Yep ive been doing that for a few months, oats from mp.... however ive got to a stage now that i cant get it down me. Hence the reason i was thinking of a mass gainer product.


----------



## scottacho (Nov 14, 2008)

get a doff flavour maybe?ive used cnp pro mass before and it does taste nice if thats what ure asking


----------



## Squeeeze (Oct 2, 2007)

R u soaking your oats to soften em before mixing? Soaked overnight then blended they're as smooth as any off the shelf sh*te.


----------



## big_jim_87 (Jul 9, 2009)

cnp pro mass- when you add water to it in a shaker it terns in to a thick gloopy mixture! not very nice. it fine in a blender tho.


----------



## Andy Dee (Jun 1, 2008)

steve_b21 said:


> Yep ive been doing that for a few months, oats from mp.... however ive got to a stage now that i cant get it down me. Hence the reason i was thinking of a mass gainer product.

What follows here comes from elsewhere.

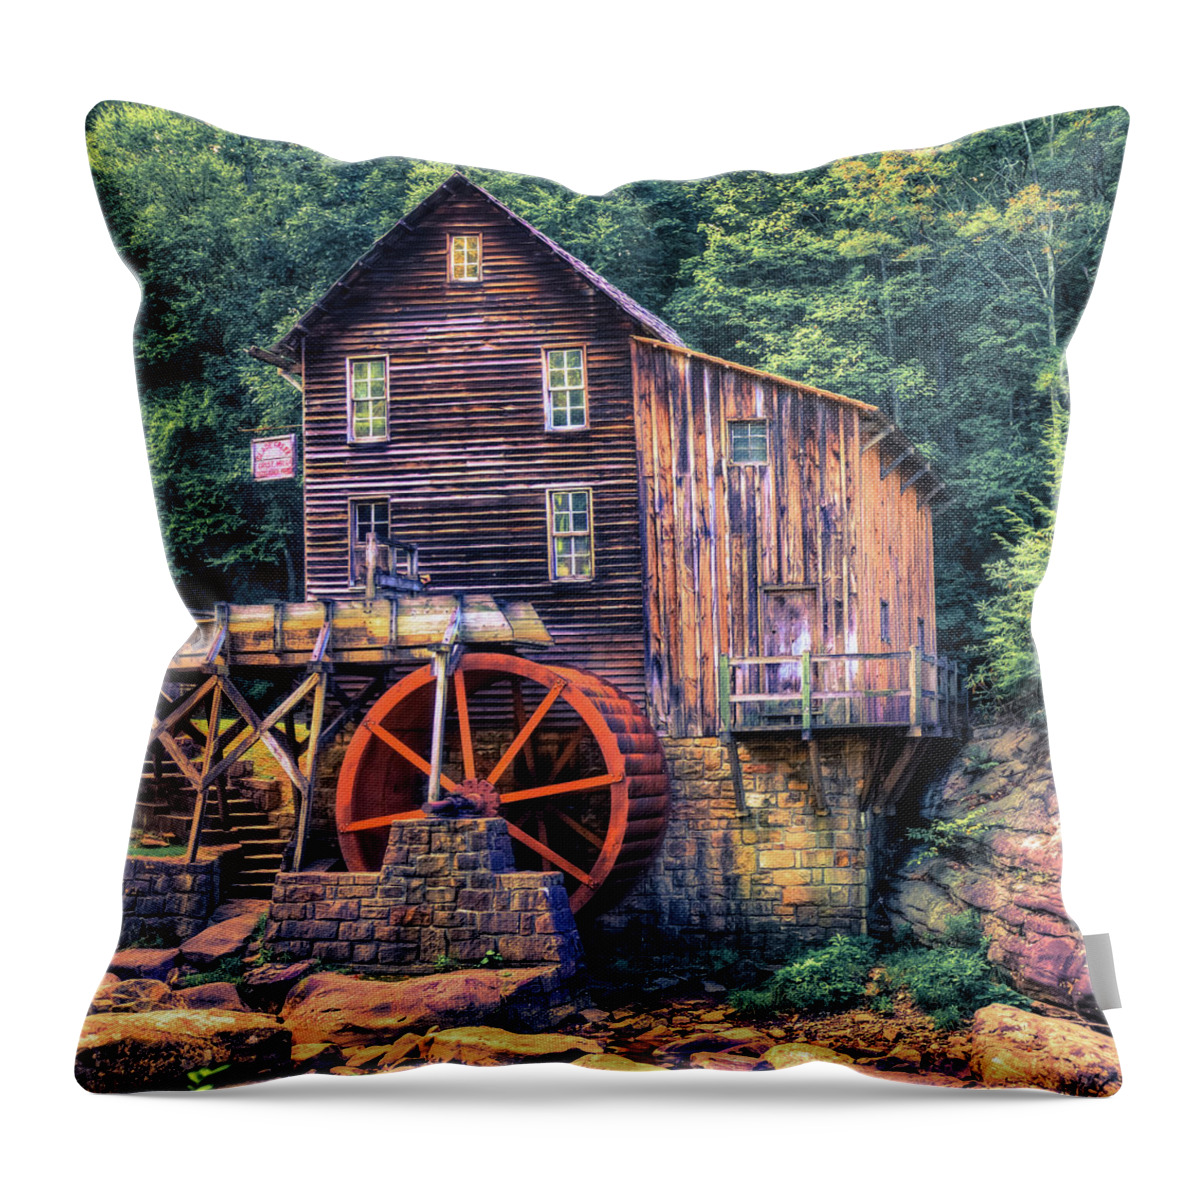 America Throw Pillow featuring the photograph Old Mill in Beckley West Virginia by Gregory Ballos

you do put all this stuff into a blender right?


----------



## steve_b21 (Dec 18, 2008)

Does CNP pro mass work? what kind of results has any one had from it?

dont want to end up gaining fat instead of lean mass which im after.


----------



## steve_b21 (Dec 18, 2008)

andysutils said:


> you do put all this stuff into a blender right?


yep , tasted ok for a few months, but got to the stage now where i feel sick. lol


----------



## big_jim_87 (Jul 9, 2009)

well you will finde that moste mass gainers will be the same ish thing under a diff name and taste. mostly malto for carbs few fat and whey egg pro blend. the ratio may differ from brand to brand but not that much. cnp is what i call a mid range mass gainer as carbs not that high from what i remember? you can get mass powders from on nutrition and dimatyze that have 1000+ kcals and 200+ g carbs cnp is what 700kcals? up to you buddy id just use a diff flav of myp whey and oats.


----------